__WORK TASK__
Only one stretch of the data below is wanted: the lines starting at the one with "Ethereum is cryptocurrency’s" and ending at the one with "PHOTOS - First", both included, given again exactly.

__SUPPLIED DATA__
== Segment start ==

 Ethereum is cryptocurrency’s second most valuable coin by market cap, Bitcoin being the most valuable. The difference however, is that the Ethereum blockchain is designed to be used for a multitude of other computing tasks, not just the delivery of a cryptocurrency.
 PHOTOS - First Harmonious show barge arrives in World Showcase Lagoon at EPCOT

== Segment end ==
== Segment start ==

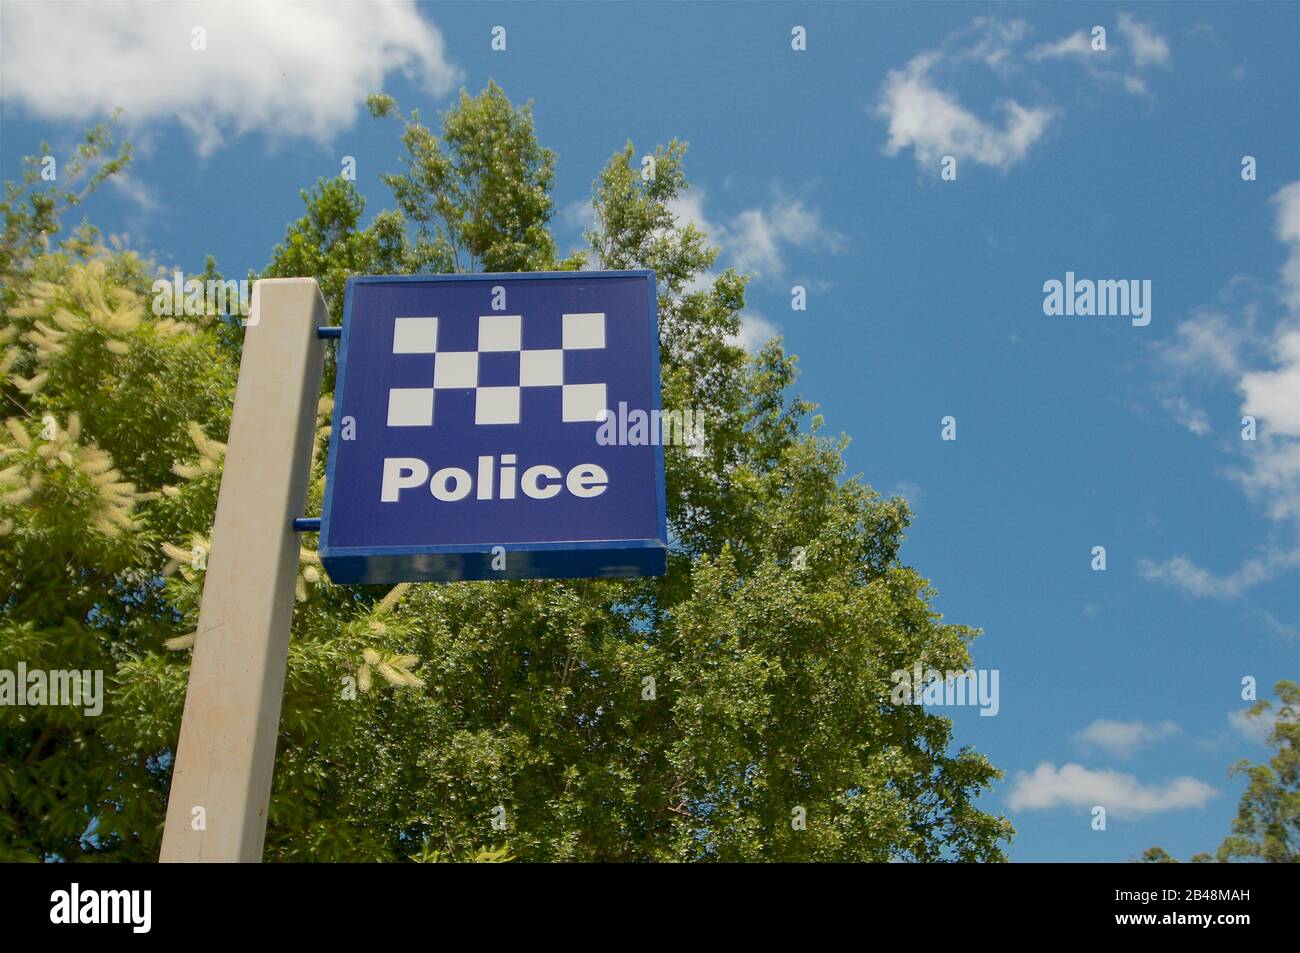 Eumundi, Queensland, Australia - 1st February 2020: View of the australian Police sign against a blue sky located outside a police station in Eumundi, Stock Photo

== Segment end ==
== Segment start ==

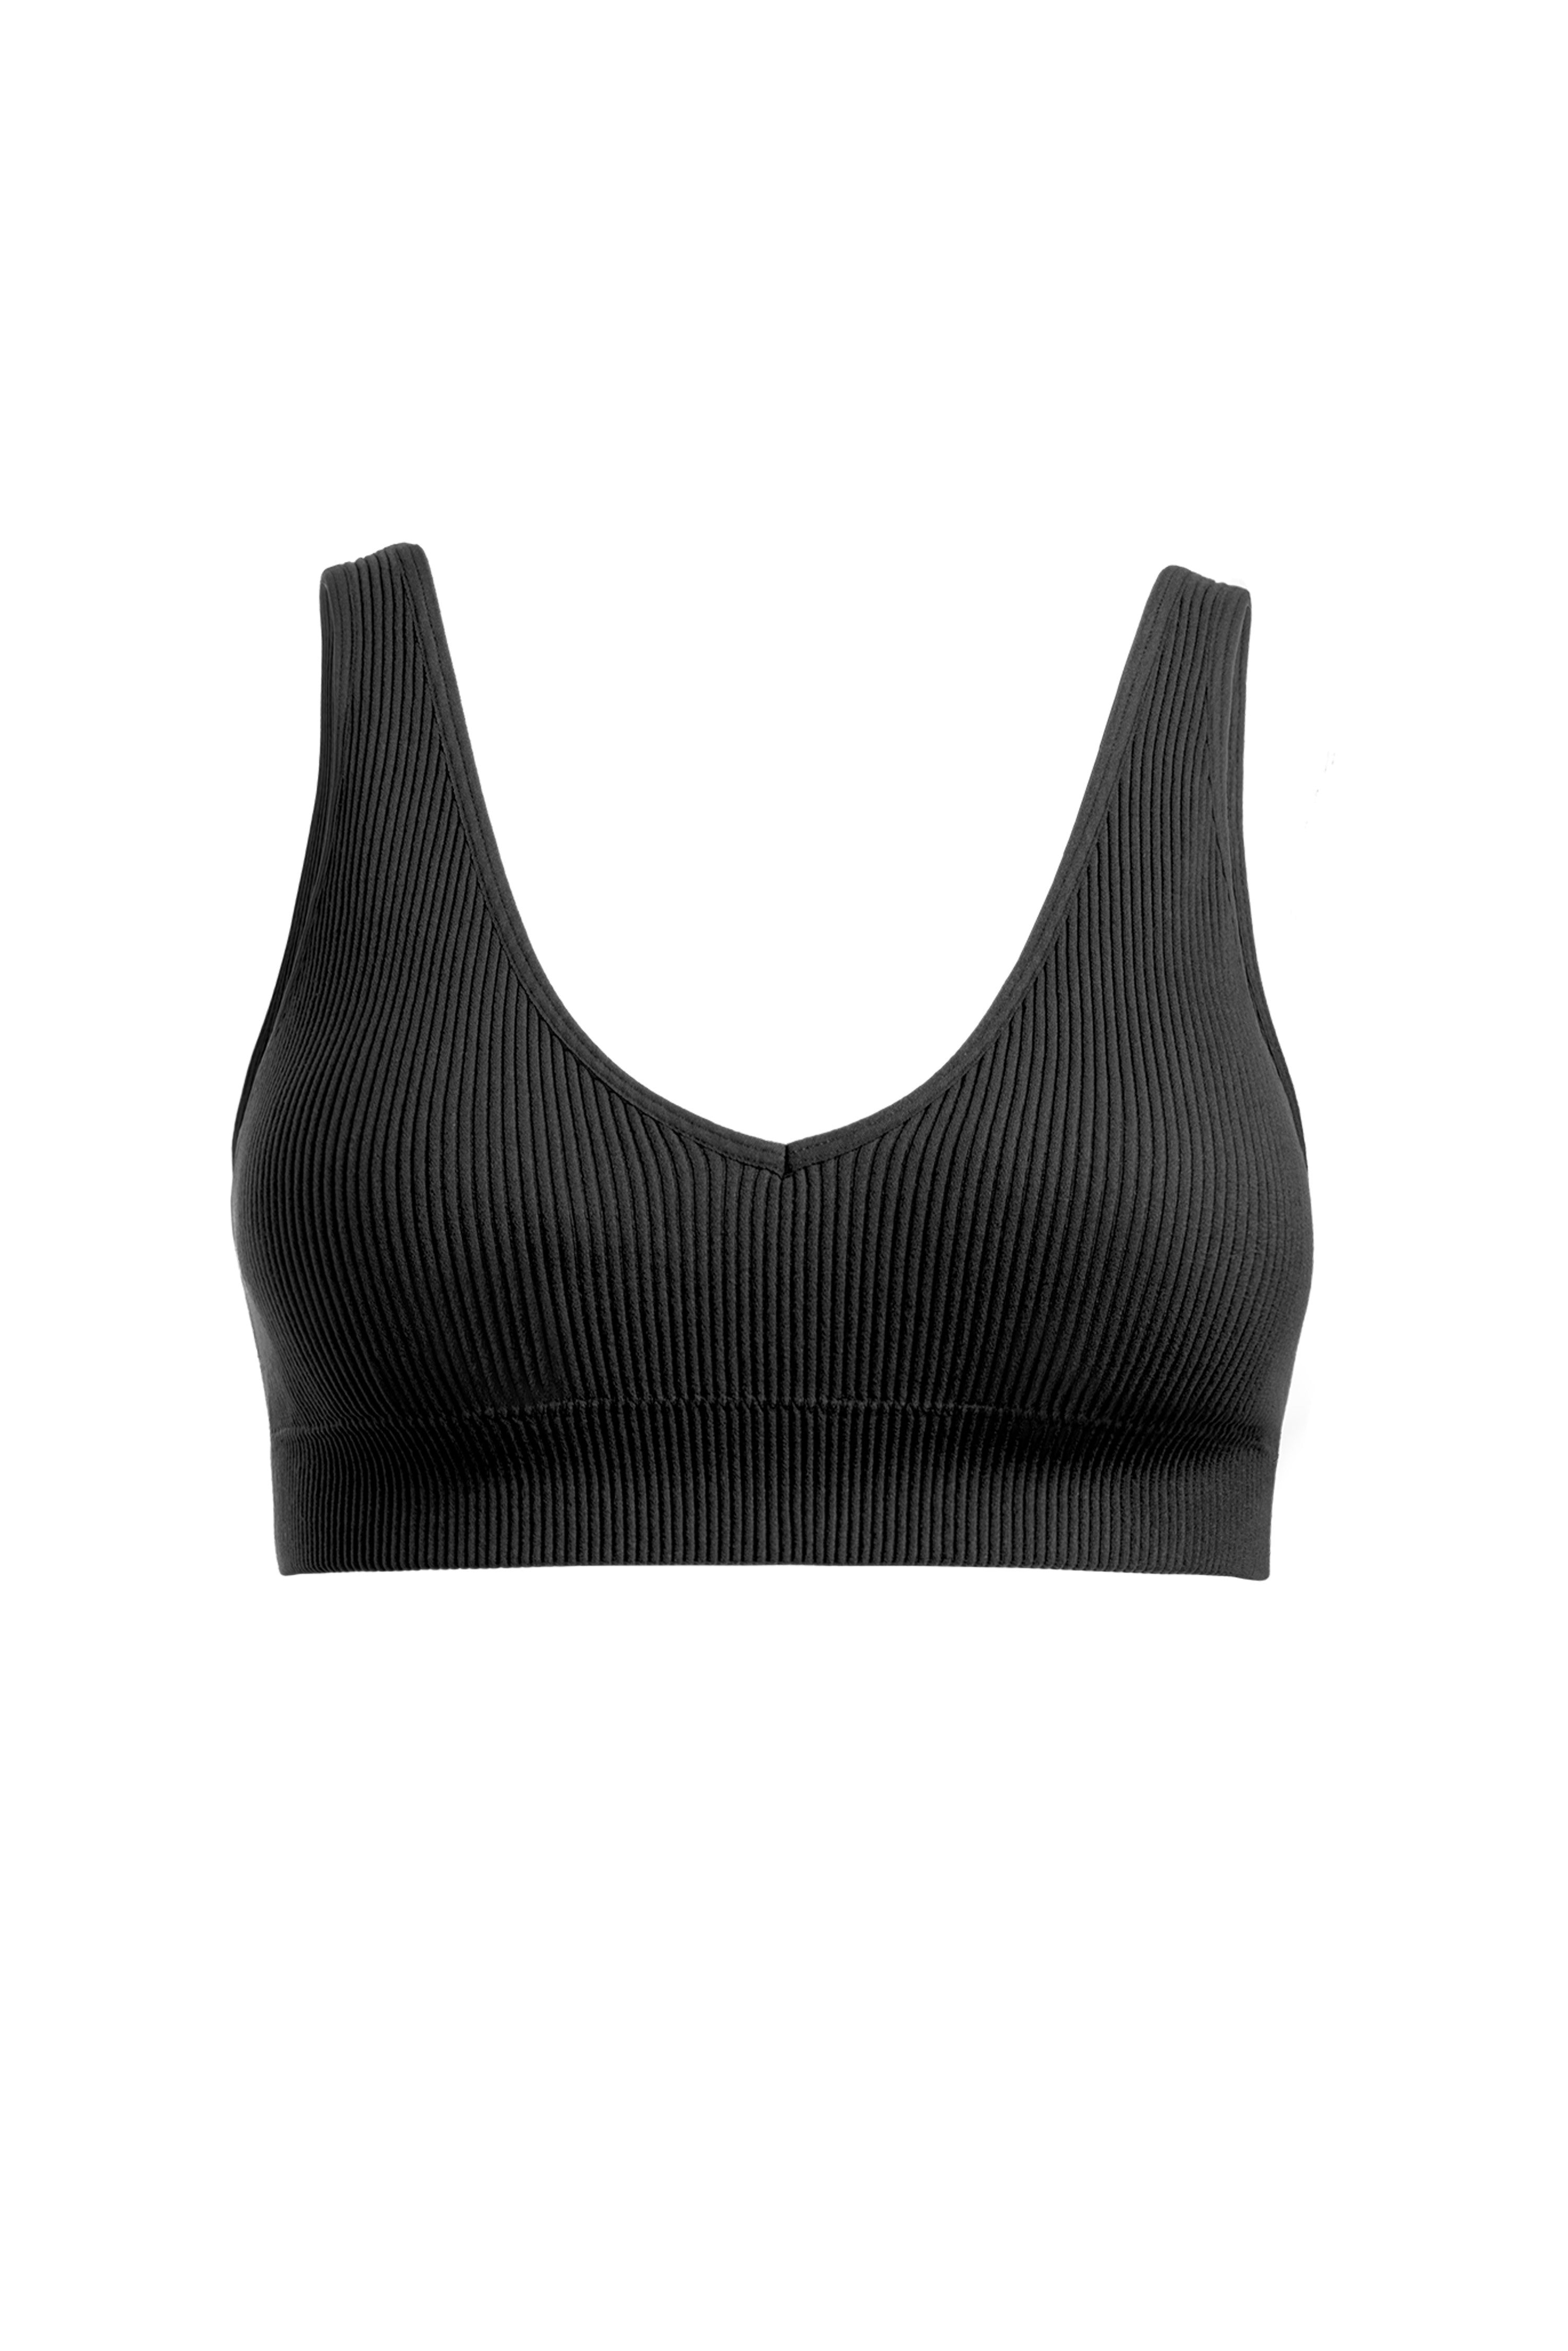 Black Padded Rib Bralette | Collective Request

== Segment end ==

__ANSWER BOX__
 Ethereum is cryptocurrency’s second most valuable coin by market cap, Bitcoin being the most valuable. The difference however, is that the Ethereum blockchain is designed to be used for a multitude of other computing tasks, not just the delivery of a cryptocurrency.
 PHOTOS - First Harmonious show barge arrives in World Showcase Lagoon at EPCOT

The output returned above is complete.